Thing 2: No, You Can’t Fix Acoustics With EQ

Please realize that you CAN alleviate certain acoustical problems with EQ. Also, please realize that, in many situations, EQ will be the only tool you can meaningfully use to help deal with some room issues.

I’m not saying that EQ has no place, and not to use it.

What I AM saying is that EQ can’t actually fix acoustics.

I used my “flagship” console for the upstairs gig. My flagship console has more powerful and flexible EQ than any other mix-rig I’ve ever used. Believe me, I was making use of that power and flexibility for the show. The show would have been much worse if I hadn’t used the tools at my disposal…

…but the problems weren’t truly fixed. They were just made more tolerable.

Acoustical problems are “time” issues.
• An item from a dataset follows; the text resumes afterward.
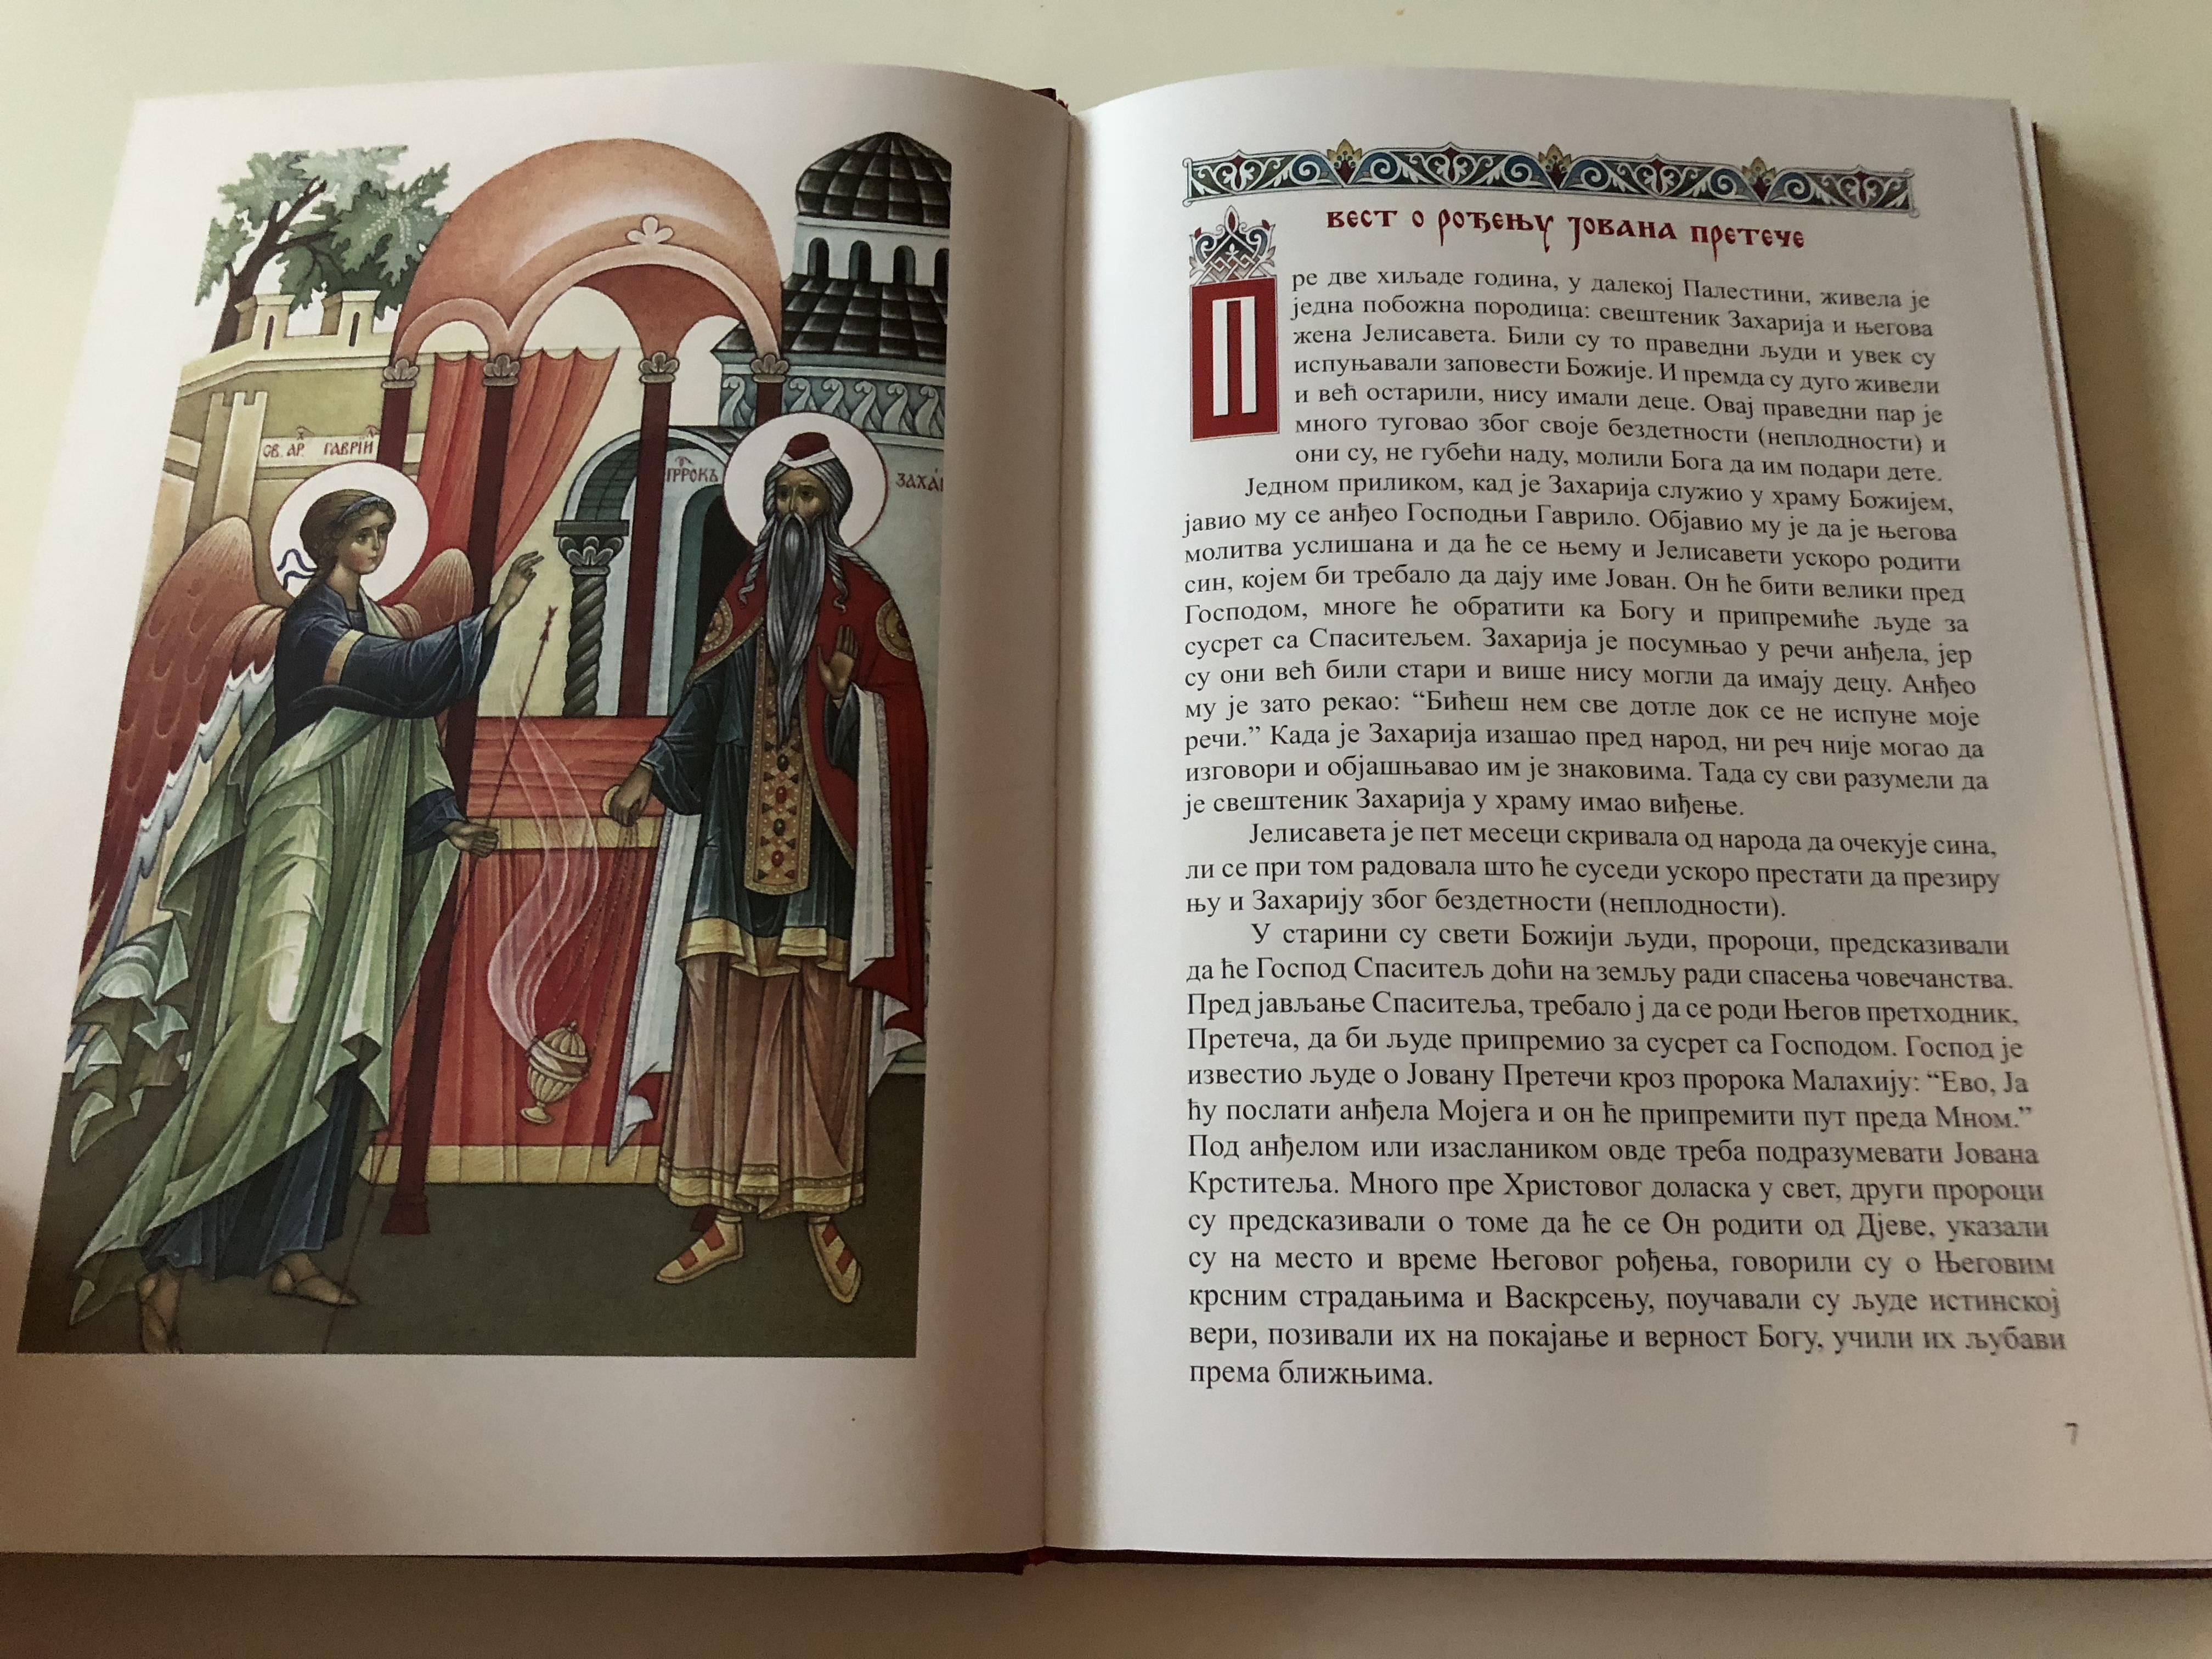 serbian-gospel-retold-for-children-5-.jpg

A sonic event becomes a longer event, whether by audible, discrete repetition, smooth reverberation, or something in between. Equalization is a tool for changing magnitude. Yes, equalizers precipitate those magnitude changes by way of manipulating the time domain, but they are not a tool which is useful for managing time.
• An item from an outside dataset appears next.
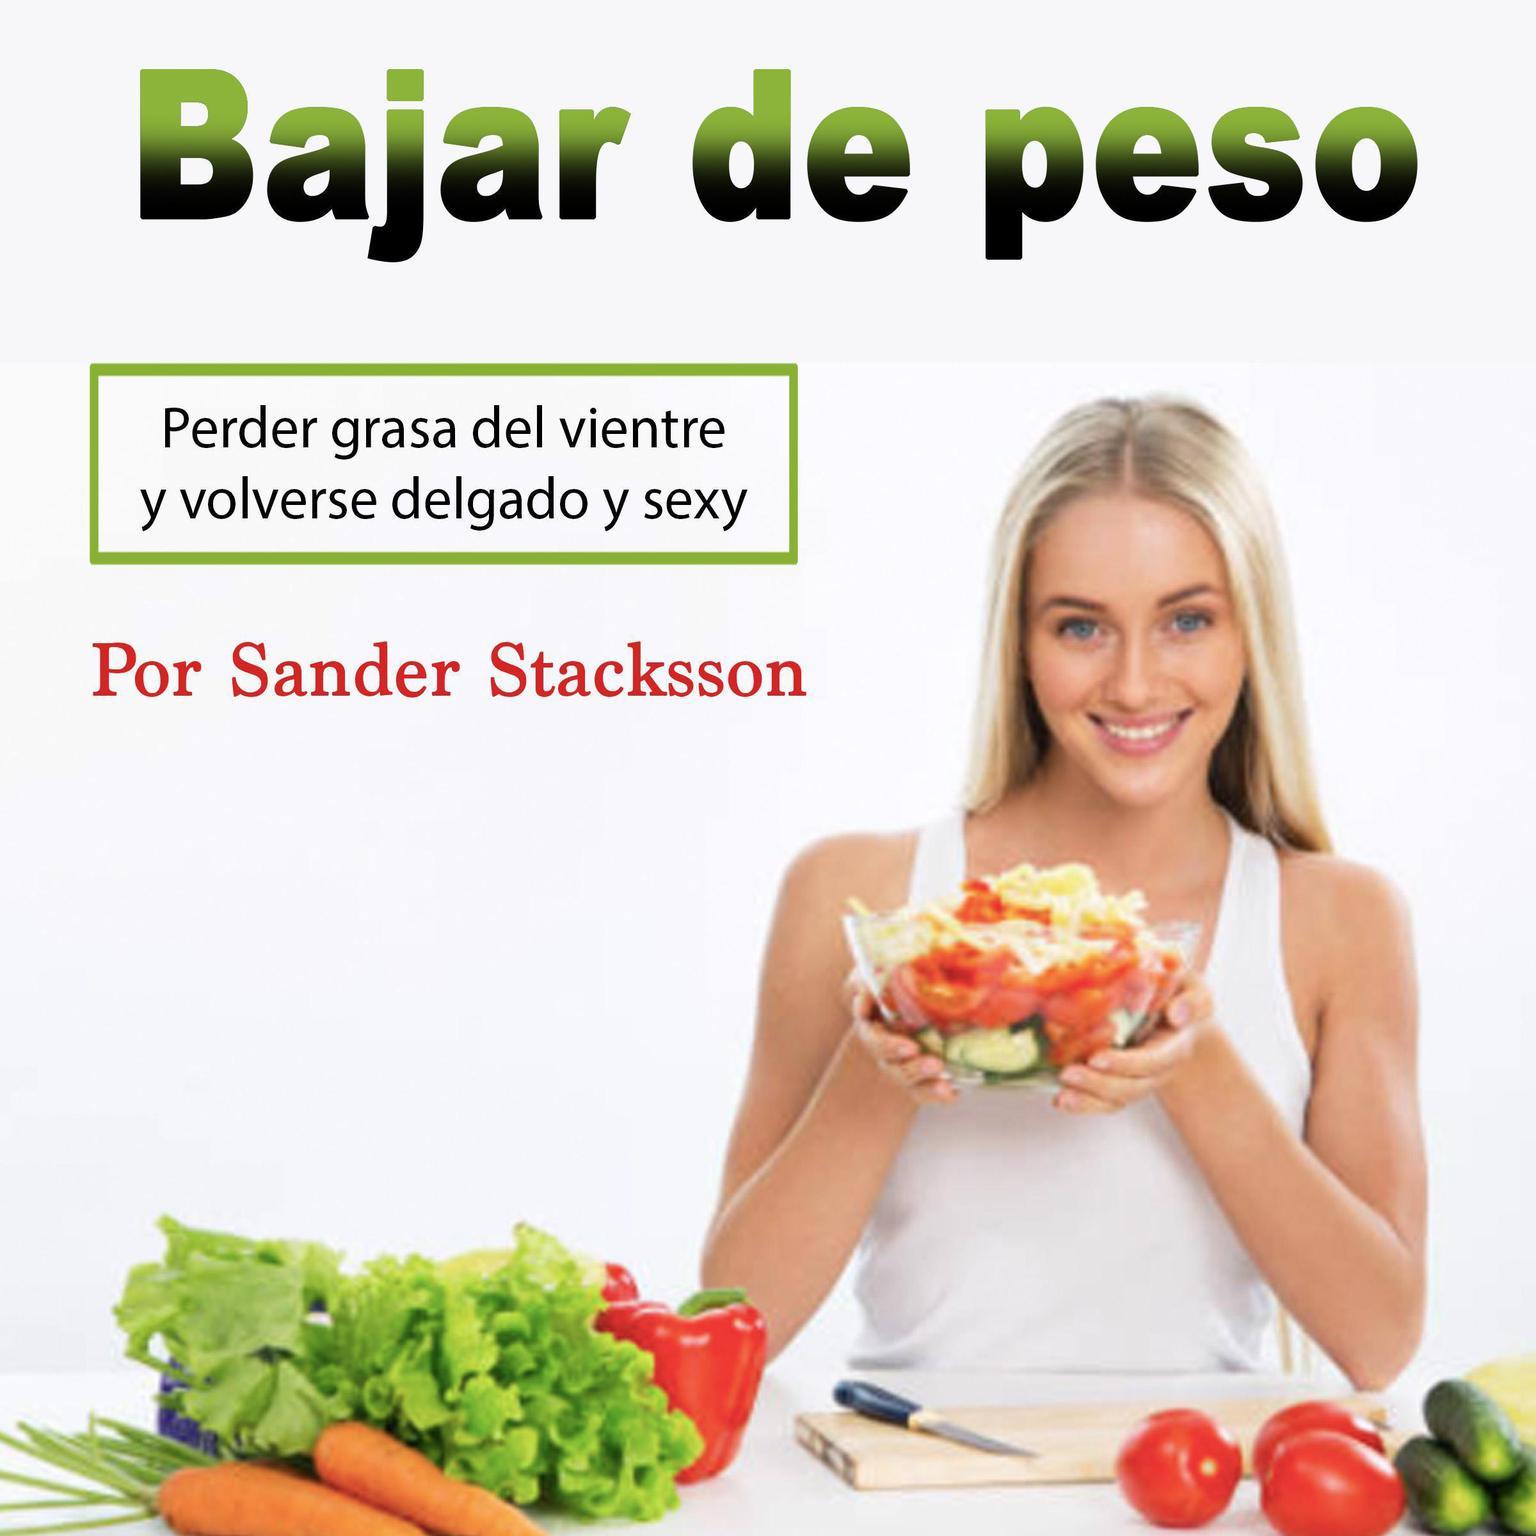 Bajar de peso: Perder grasa del vientre y volverse delgado y sexy (Spanish Edition) Audiobook, by Sander Stacksson

The best you can do with an equalizer is to get a troublesome reverberation buildup to drop into the “noise floor” faster. This is not because you’ve managed to fix the acoustical problem, but rather because your input to that acoustical problem has been reduced. The reverb time at, say, 500 Hz has not changed in any way. What you may have succeeded in doing is to make the events at 500 Hz a few dB quieter, such that their decaying intensity becomes less audible against everything else more quickly.

In some rooms that can be enough, and it can be done without making the rig sound truly strange. At some point, though, the problems are so bad that getting the reflections to disappear into the noise floor via EQ creates bizarre results. A PA with a giant chasm torn into the midrange may not cause a huge buildup of reverb in that bandwidth, but it will also be painfully obvious that the PA has had all that midrange tossed into the abyss. (Reverberation is not the creation of sonic events at a certain frequency, but rather the lengthening of them. Kill all the bottom end in a PA to deal with a boomy room, and the sound will be very thin. Room acoustics don’t fill in what isn’t there. They combine with what is.)

To truly fix a problematic room, you either have to alter the room’s acoustical characteristics or find a way to avoid interacting with them. All that is beyond the scope of this article, so just walk away with this in mind: Venue acoustics matter a lot, being louder doesn’t help, and electronic processing may or may not be enough for you to reach the sonic destination you want.